Sonra o amigo havası da hiç hoş değil..

İnsanlar, “haydi eller havaya” anlayışı ile coşturulup sloganlar attırılıyor falan…Tatil yerlerinde aptal turistlere yaptırılan animasyonlar gibi..

Bu arada Tuncay Özkan, yerden bâlâ bir yere çıkmış, gözlerinde gurur, hırs ve “inançla” kitleyi kartal bakışlarıyla tarıyor…

Bir başında kalpağı, bir de “Ben bu millete her şeyi öğrettim, bir tek hizmet etmeyi öğretemedim” demesi eksik..

Bir de Pazar günleri Kerimcan Kamal’la bir sohbet programları var bunların…

Bu iki arkadaş kusura bakmasın ama, ben hayatımda bu kadar saygısız bir program görmedim. Hiçbir hazırlık yok!

Yataktan kalktıkları gibi kameranın karşısına oturuyorlar, sabah gazetelerini bile okumuş değiller…

“Hani neydi şu Avrupa Komisyonu’ndaki AKP‘li? Neyse, adını unuttum şimdi.. o şeyettiydi.. Ne dediydi? Şey dediydi…Neyse, gene unuttum…Amaaan boşver yav! İyi gidiyoruz di mi? İyi gidiyoz, iyi gidiyoz…Reklama girelim mi? E hadi girelim bari…”

Tamamen böyle konuşmalar yapıyorlar… Kimsenin ne ne dediğini, ne adını hatırlamıyorlar. Bütün dünyanın kendi etraflarında döndüğünü sanıyorlar.

Koskoca Türkiye’de herkes aptal, herkes suskun, herkes korkak, bir kendileri ortaya atılmış cansiperâne savaşıyorlar.

Zaten laf dönüp dolaşıp kendilerine geliyor:
“Biliyor musun…Ergenekon’da her alınana beni soruyormuş savcı…Demeee! Niye soruyor ki? Tuncay Özkan’ı diyormuş nereden tanıyorsun diyormuş… İnanmıyorum!”
“Alın beni de ulan! Almazsanız nâmertsiniz! Almazsanız alçaksınız! Mustafa Kemal’in askeriyim ben!! Alın lan, alın, alın, alınnnn!!”

diye program bitiyor…

Beyler…Yemin ederim, bu yazıyı yazmamak için kendimi çok engelledim.

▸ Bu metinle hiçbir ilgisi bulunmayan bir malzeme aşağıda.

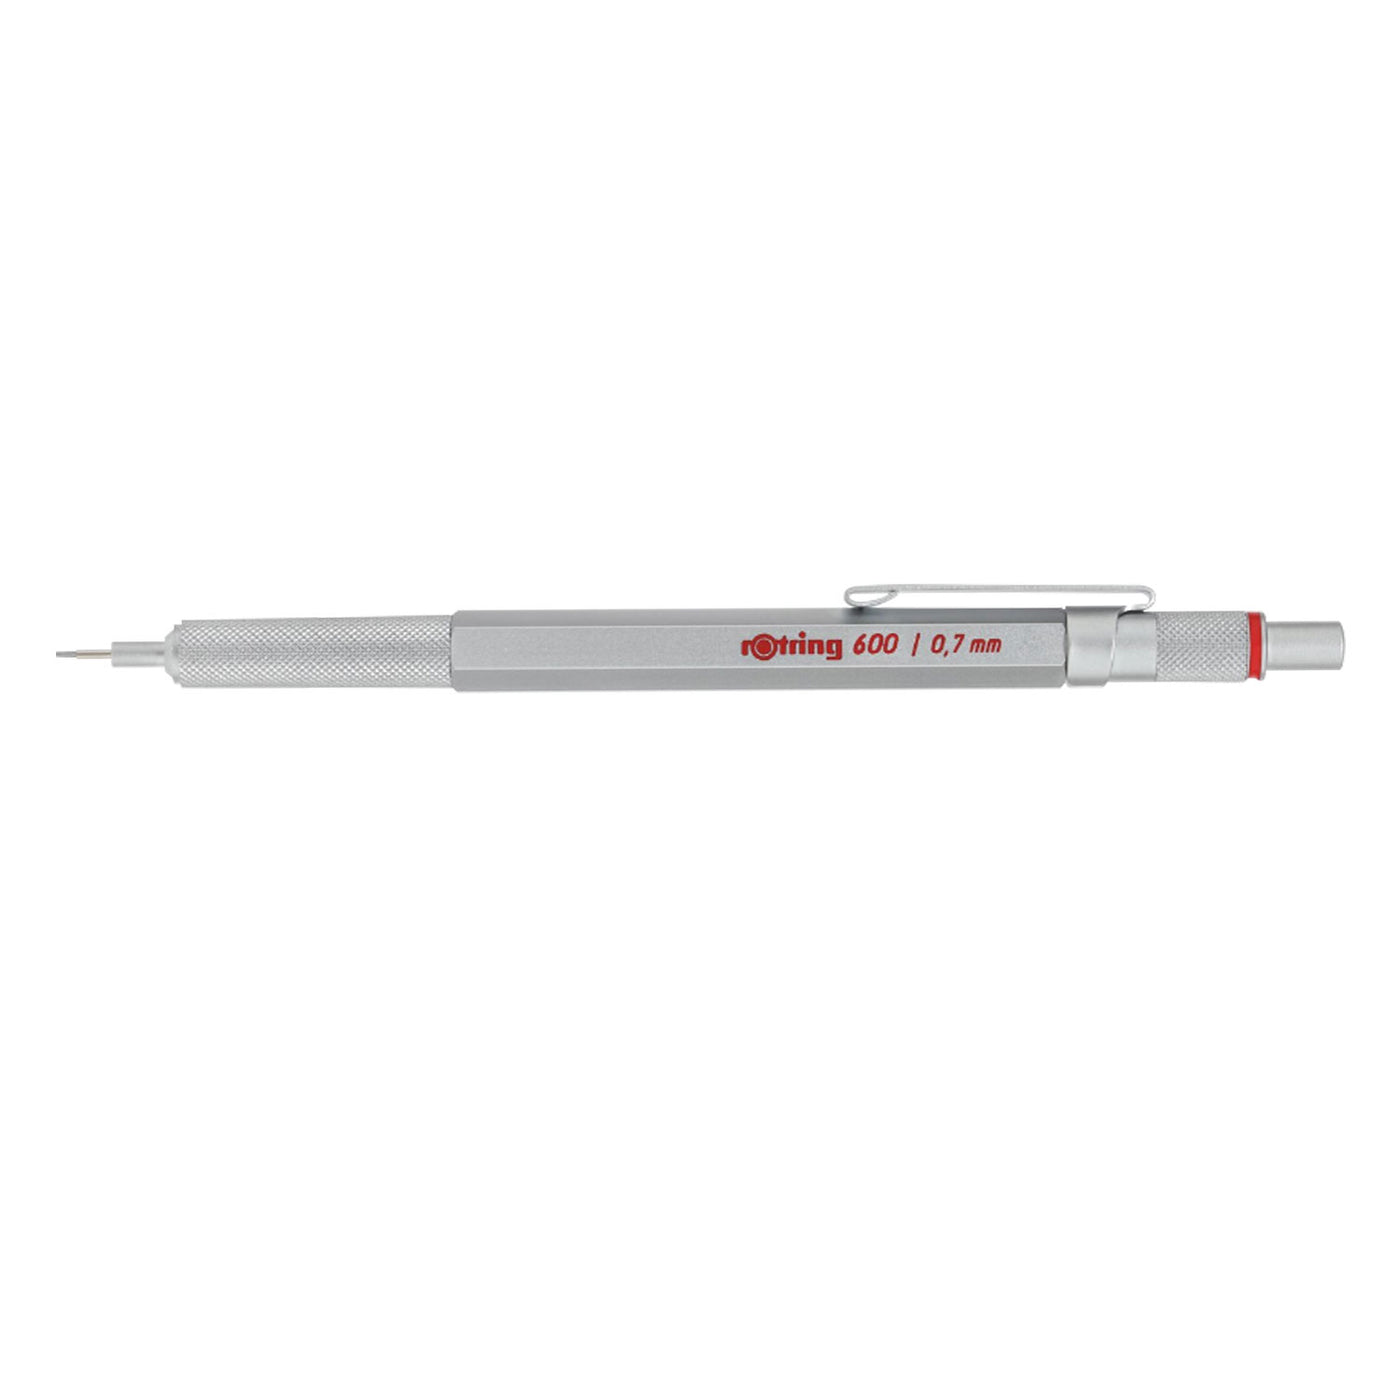 Rotring 600 0.7mm Mechanical Pencil - Silver 3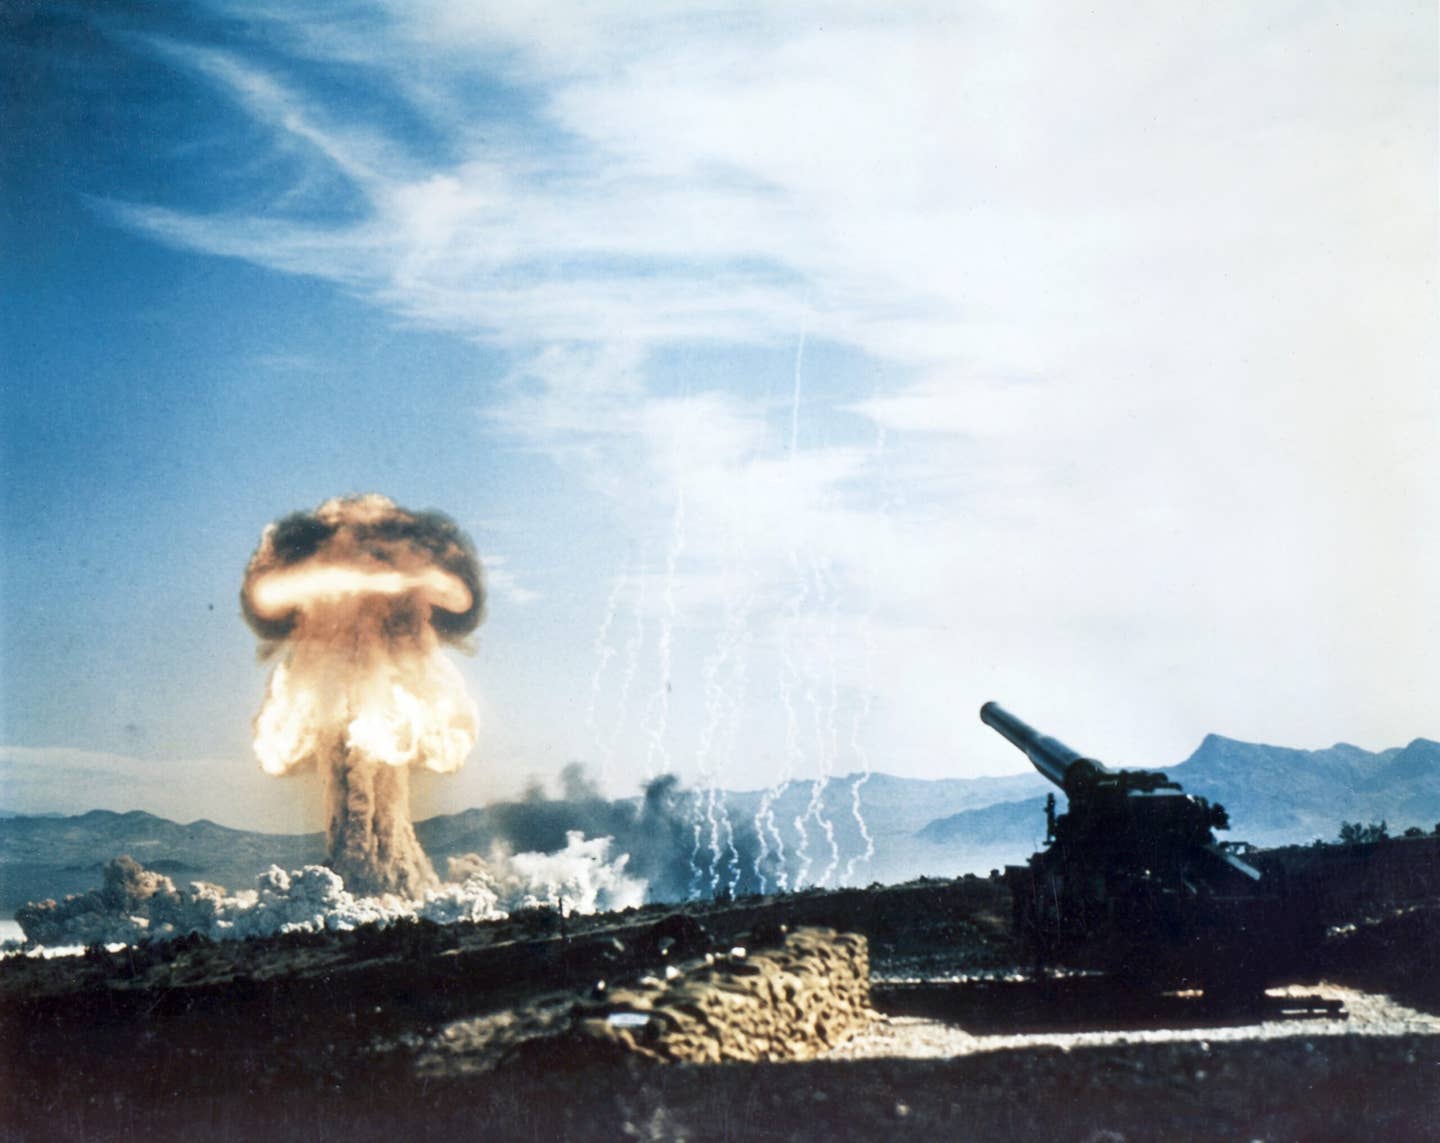 Part of Operation Upshot-Knothole saw a 15-kiloton nuclear explosion test on May 25, 1953 at the Nevada Proving Grounds, known as the<em> </em>Grable&nbsp;test.<em> U.S. government </em>

Bizi şurada, en fazla iki bin kişi okuyor.

Eleştirilerimize Tayyip Erdoğan‘ın size baktığı gibi bakabilirsiniz, yani, “Boşver ya! Nasılsa üç-beş kişi bunlar.. Bir koyun bile güdemiyorlar!” diyebilirsiniz…

Ama olmuyor böyle…Gidişiniz hiç gidiş değil…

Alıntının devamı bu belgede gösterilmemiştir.